Interview: Katrin Saß: "Wer fragt hier noch nach Ossi oder Wessi?“

Die Schauspielerin Katrin Saß im Interview über die große Sehnsucht nach der Freiheit, erschreckende Verklärung der DDR, Alkoholsucht und warum in Berlin die Einheit nicht nur ein Wort ist.

Ein Blick zurück: Wie haben Sie den 9. November 1989 und danach erlebt?

Am 9. November selbst stand ich am Abwaschbecken in meiner Wohnung in Babelsberg und hörte Nachrichten. Das habe ich vorher nur selten getan. Die Nachrichten im Westfernsehen betrafen mich nicht so direkt, und die Aktuelle Kamera bei uns im Osten war reine Propaganda. Zeitung habe ich auch nicht gelesen, das war langweilig. Um den 9. November herum wurde es aber spannend, da habe ich ständig Nachrichten gehört. Plötzlich sprach Schabowski von Ausreise. Ich dachte, damit seien Leute gemeint, die in der DDR vorher einen Ausreiseantrag gestellt hatten. Aber selbst in diesem Moment glaubte ich nicht, dass die Mauer fallen würde. Als ich dann im Fernsehen abends Tausende an den Übergängen stehen sah und dieses große blonde Mädchen sah, das einem DDR-Polizisten um den Hals fiel, war ich verwirrt: Hatten so viele einen Antrag gestellt? Ich hätte es zur Glienicker Brücke nicht weit gehabt, bin aber nicht hingegangen.

Warum nicht, was hat Sie abgehalten?

Das war eine ganz merkwürdige Gefühlsmischung. Einerseits riesige, unbeschreibliche Freude, andererseits Angst vor der Zukunft und Ungewissheit. Wenn die alle jetzt in den Westen können, vielleicht ändert sich dann etwas bei uns – so dachte ich. Bis zum 11. November habe ich gewartet. Ich bin dann mit meinem Lada nach West-Berlin getuckert. Ich dachte wirklich, ich träume.

Waren Sie vorher in West-Berlin gewesen?

Mit 24 Jahren hatte ich bereits den Silbernen Bären bekommen und durfte zur Berlinale in den Westen, erst 1982 und dann noch einmal 1987. Man hatte bei den DDR-Oberen immer Angst, dass ich nicht zurückkomme. Mein Bild vom Westen war von der Propaganda geprägt. Das war ja für mich ein Land, in dem man gar nicht leben konnte. 1987 konnte ich aber dann sieben Tage lang bleiben. Da hat sich das Bild schon verändert. Ich glaubte den Darstellungen von Herrn Schnitzler nicht mehr.
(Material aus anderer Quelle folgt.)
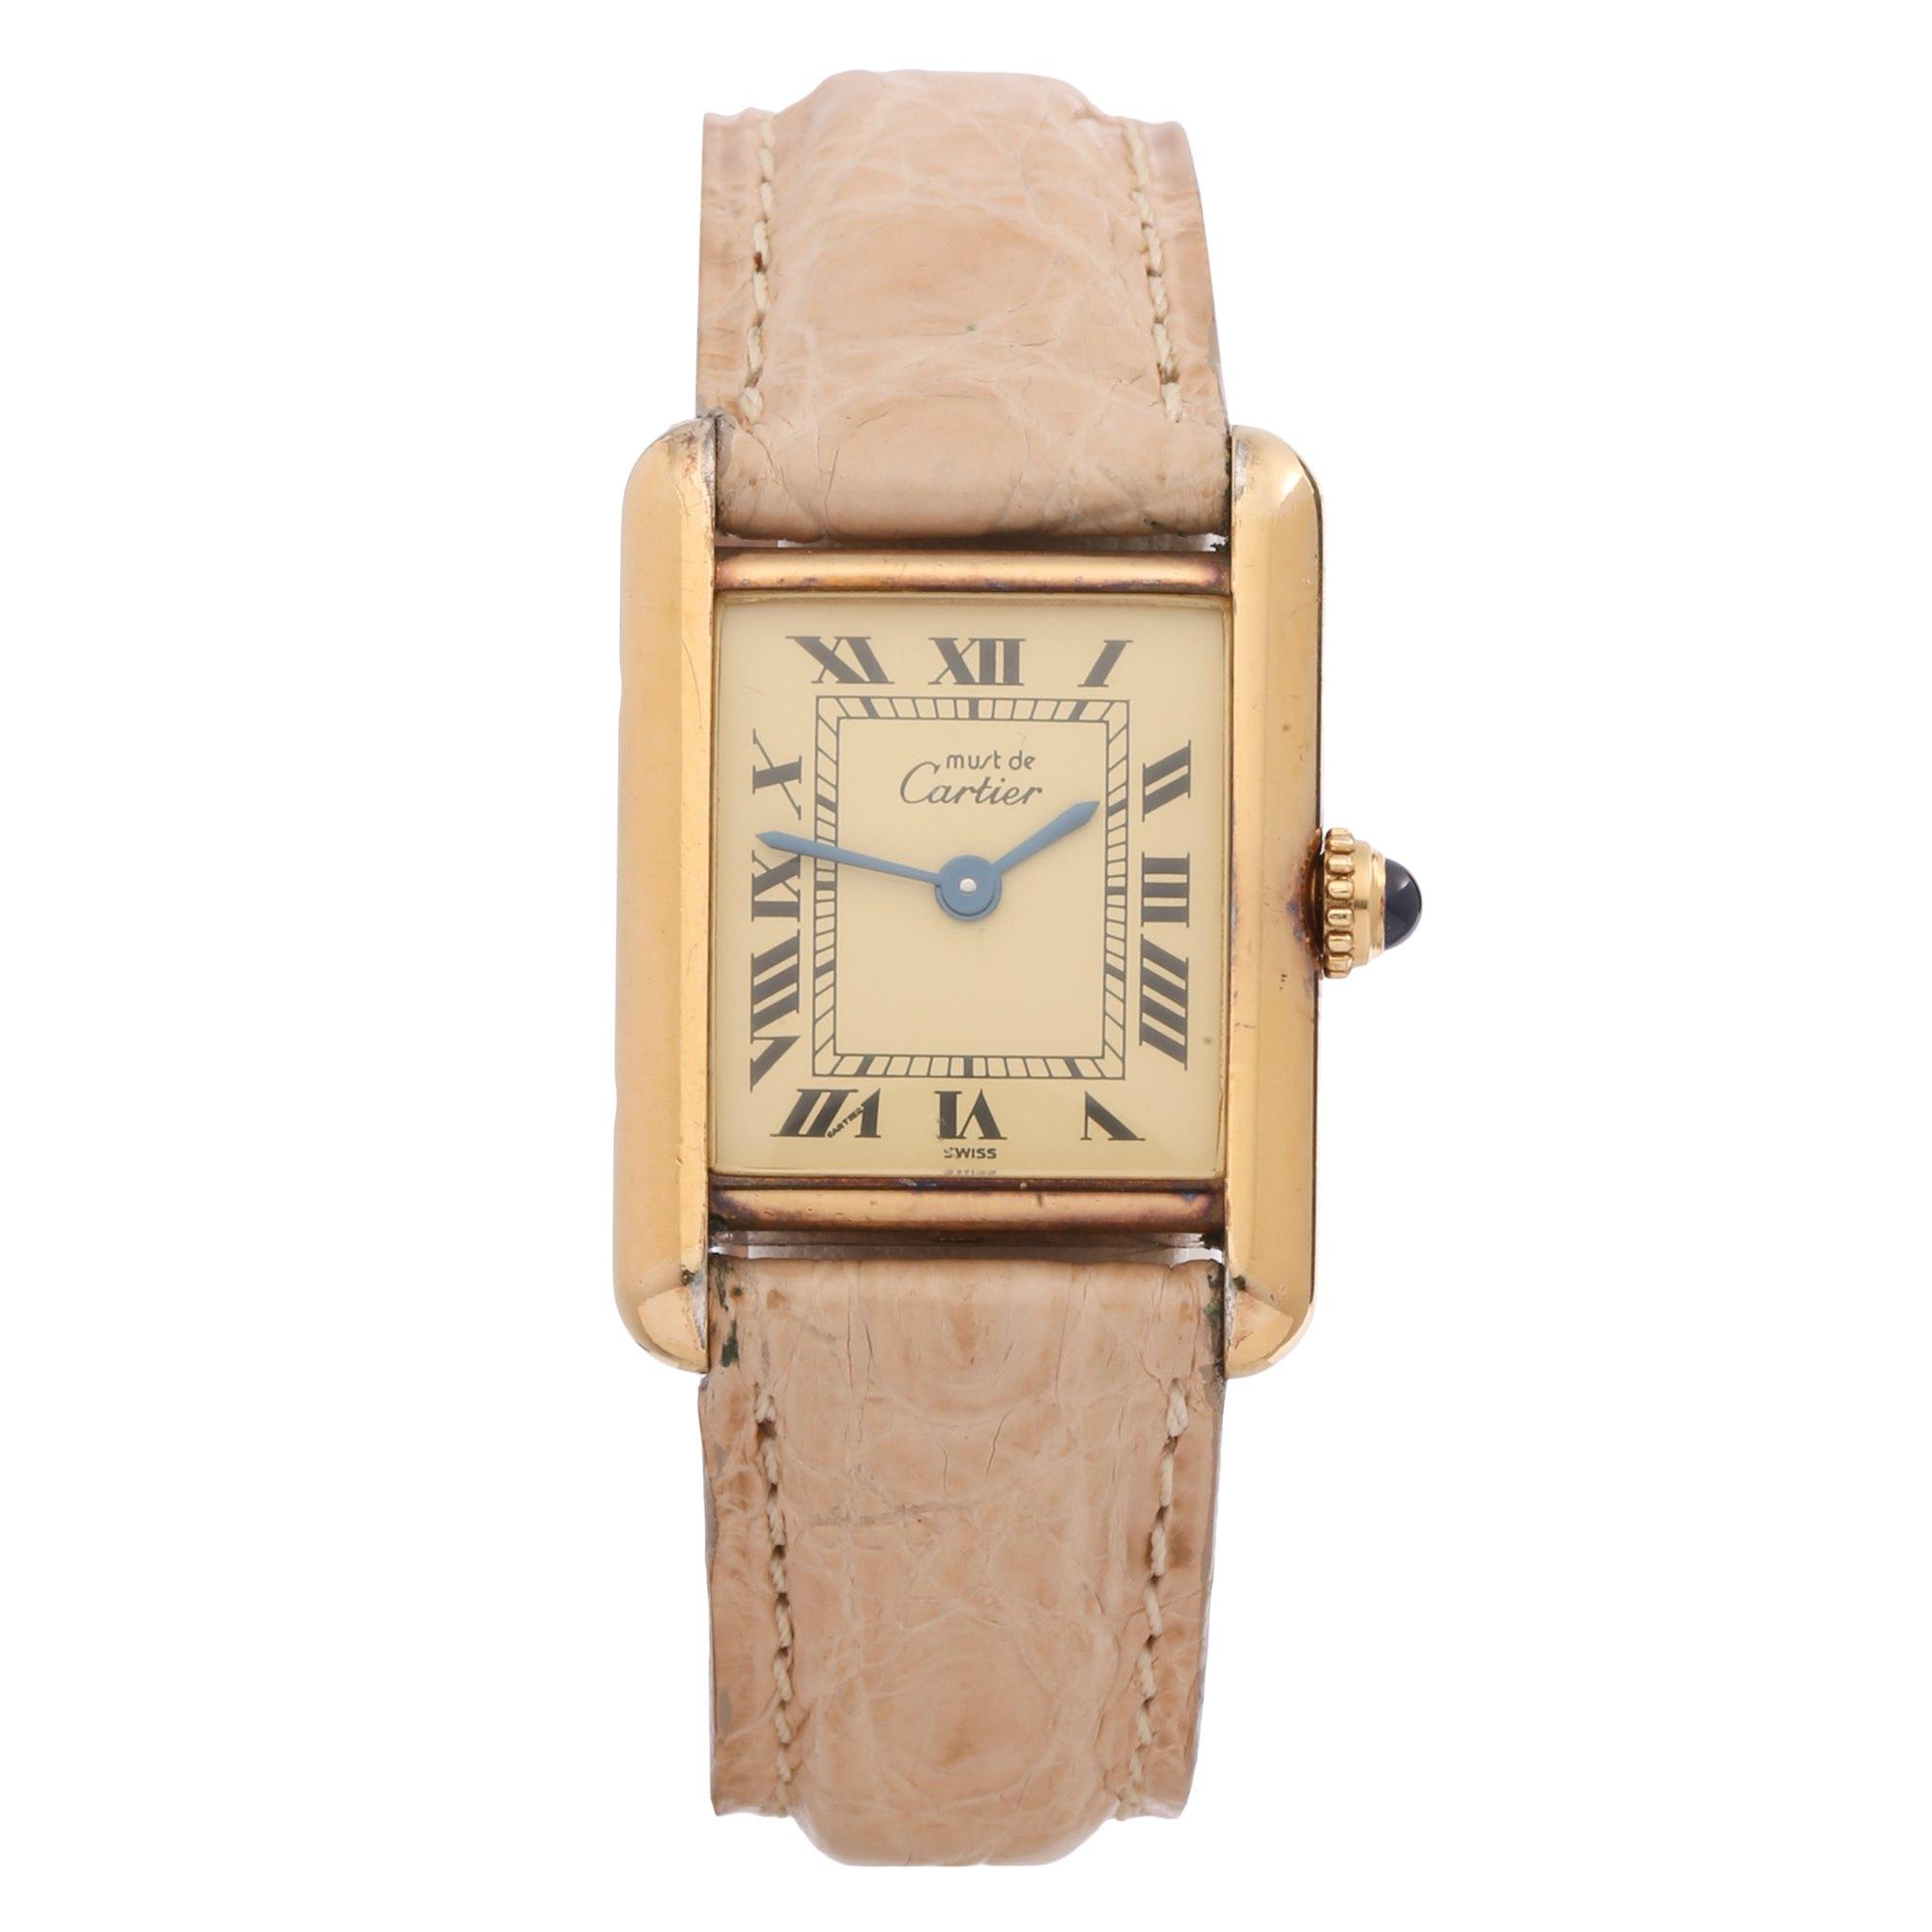 Cartier Must de Cartier 18K Gold Plated 58294

Was assoziieren Sie heute mit der Zeit unmittelbar nach dem Mauerfall?

Es war die große Sehnsucht nach Freiheit, die im Vordergrund stand. Nicht die Banane oder der BMW, den ich heute fahre. Gerade in meinem Beruf war diese Lust auf Freiheit unbändig groß. Wir haben nur darüber geredet. Wir haben gespielt und uns abgemüht, aber wir spielten in der DDR gegen eine Wand. Es blieb immer alles in diesem kleinen Land, der Kontakt nach außen fehlte uns, auch die Kritik und die Anregungen. Sich dann ohne die Genossen, die mich vor 1989 immer in peinlich großer Zahl in den Westen begleitet hatten, jetzt allein im Westen umsehen zu können, war eine Erfahrung, die ich ganz für mich machen wollte.
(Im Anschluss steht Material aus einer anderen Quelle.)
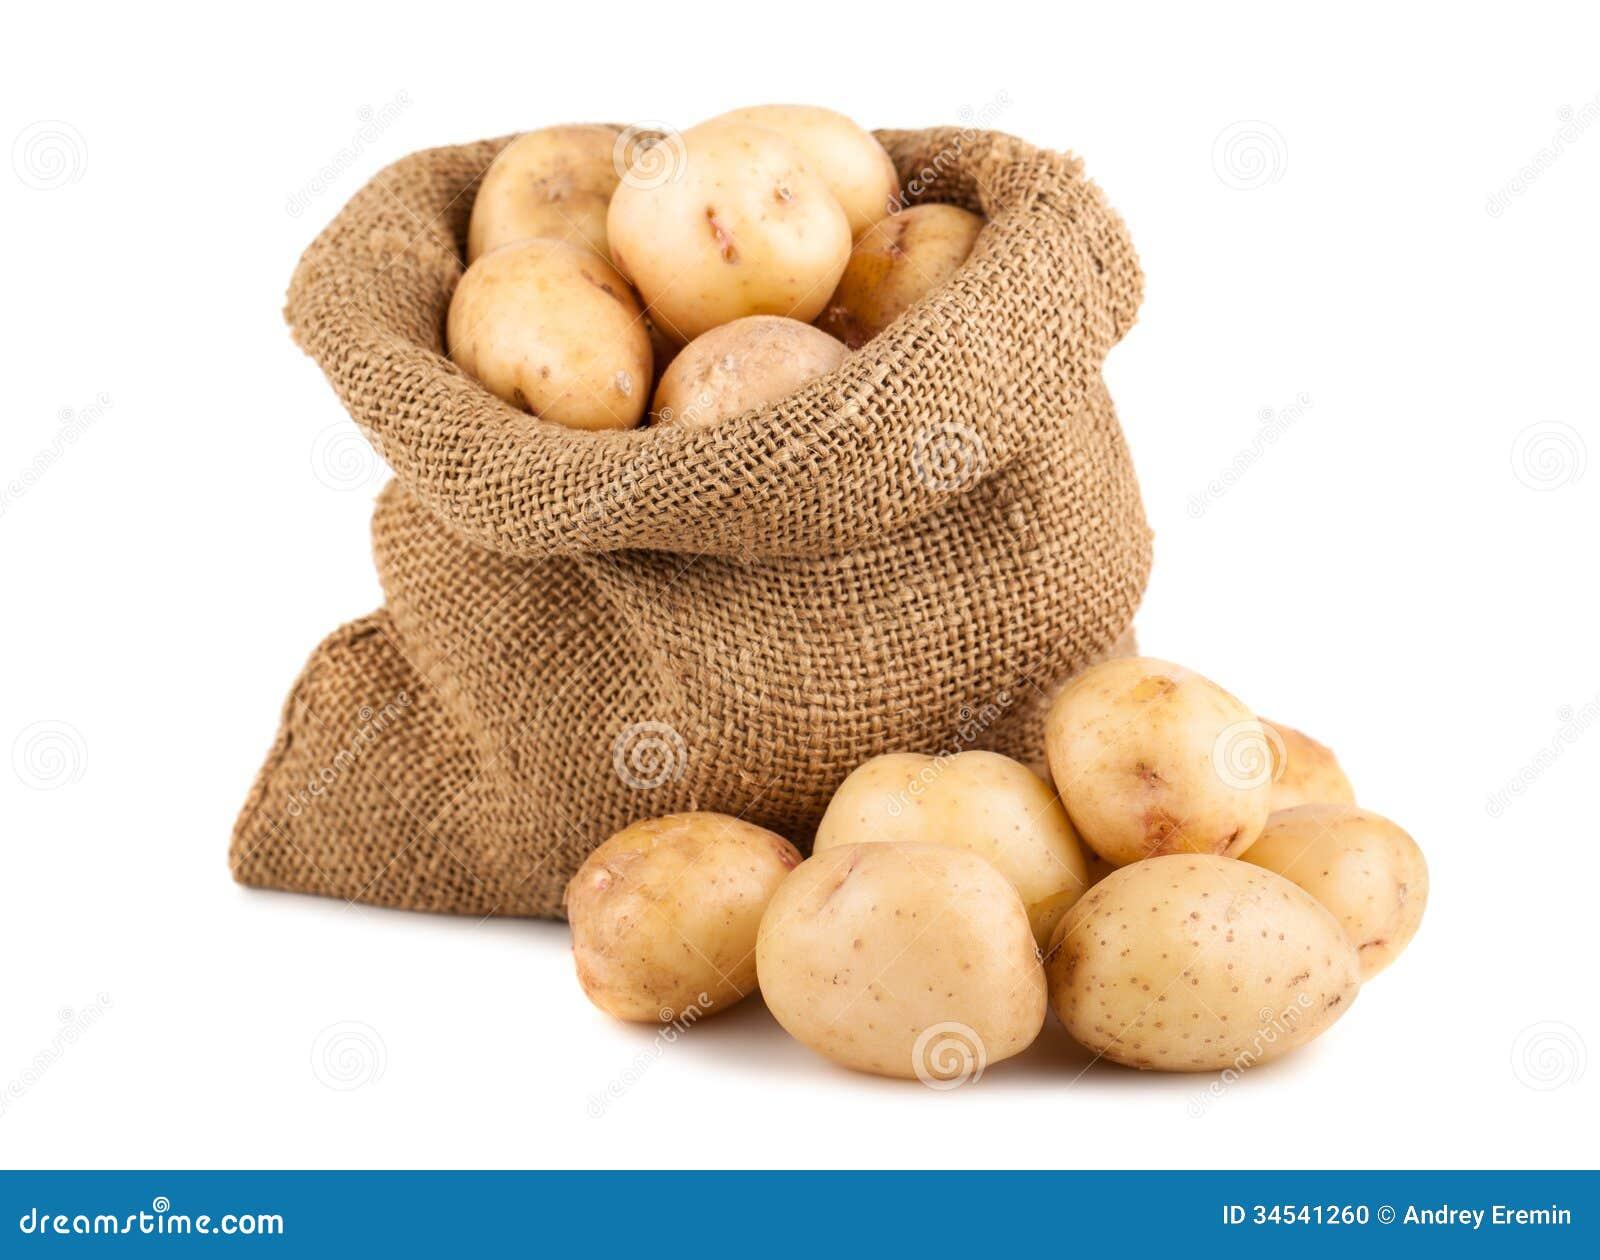 kartoffeln im sack stockfoto bild 34541260

Hatten Sie in den Jahren nach der Wiedervereinigung „Heimweh nach drüben“?

Heimweh konnte bei mir nicht aufkommen. Ich hatte den Westen vor der Tür und konnte im Osten bleiben. Besser ging es nicht. Jetzt war plötzlich diese Freiheit da, nach der ich mich immer gesehnt hatte. Ihr Idioten, dachte ich, warum habt Ihr sie uns nicht früher gegeben? Vielleicht wäre die Sache dann anders gelaufen. Ich erkannte aber schnell, dass es mit zwei deutschen Staaten nicht gegangen wäre. Es gab zwei Währungen, und irgendwann hätte bei uns niemand mehr arbeiten wollen. Ich glaubte auch nicht, dass man irgendetwas aus der DDR in das geeinte Deutschland hinüberretten könnte. Sehr früh habe ich meine Stasi-Akte eingesehen. Das war entsetzlich, sehr enttäuschend. Es waren Freunde und Kollegen und vor allem die beste Freundin, die mich ausspioniert hatten. Damals wollte ich alles vernichten, was mit der DDR zu tun hatte.

Haben Sie die Auseinandersetzung mit den Leuten in Ihrer Akte gesucht?

Ich habe jeden einzelnen angerufen. Der eine hat geschrien, der andere hat geheult. Jeder hatte sich auch etwas ausgedacht, nach dem Motto „Ich musste, weil sonst meine Frau …“ Heute ist das alles nicht mehr wichtig für mich, denn ich weiß von einem Freund, den man wirklich erpresst hatte mit einem Verhältnis, das er hatte. Das gab es also auch. Ich hatte das Glück, dass die Stasi an mich nie herangetreten ist. Die wussten wahrscheinlich, dass ich in die Kantine gerannt wäre und gerufen hätte: Leute, ich glaube, das war gerade die Stasi.

Wie ist Ihnen das Berlin der Nachwende-Zeit in Erinnerung?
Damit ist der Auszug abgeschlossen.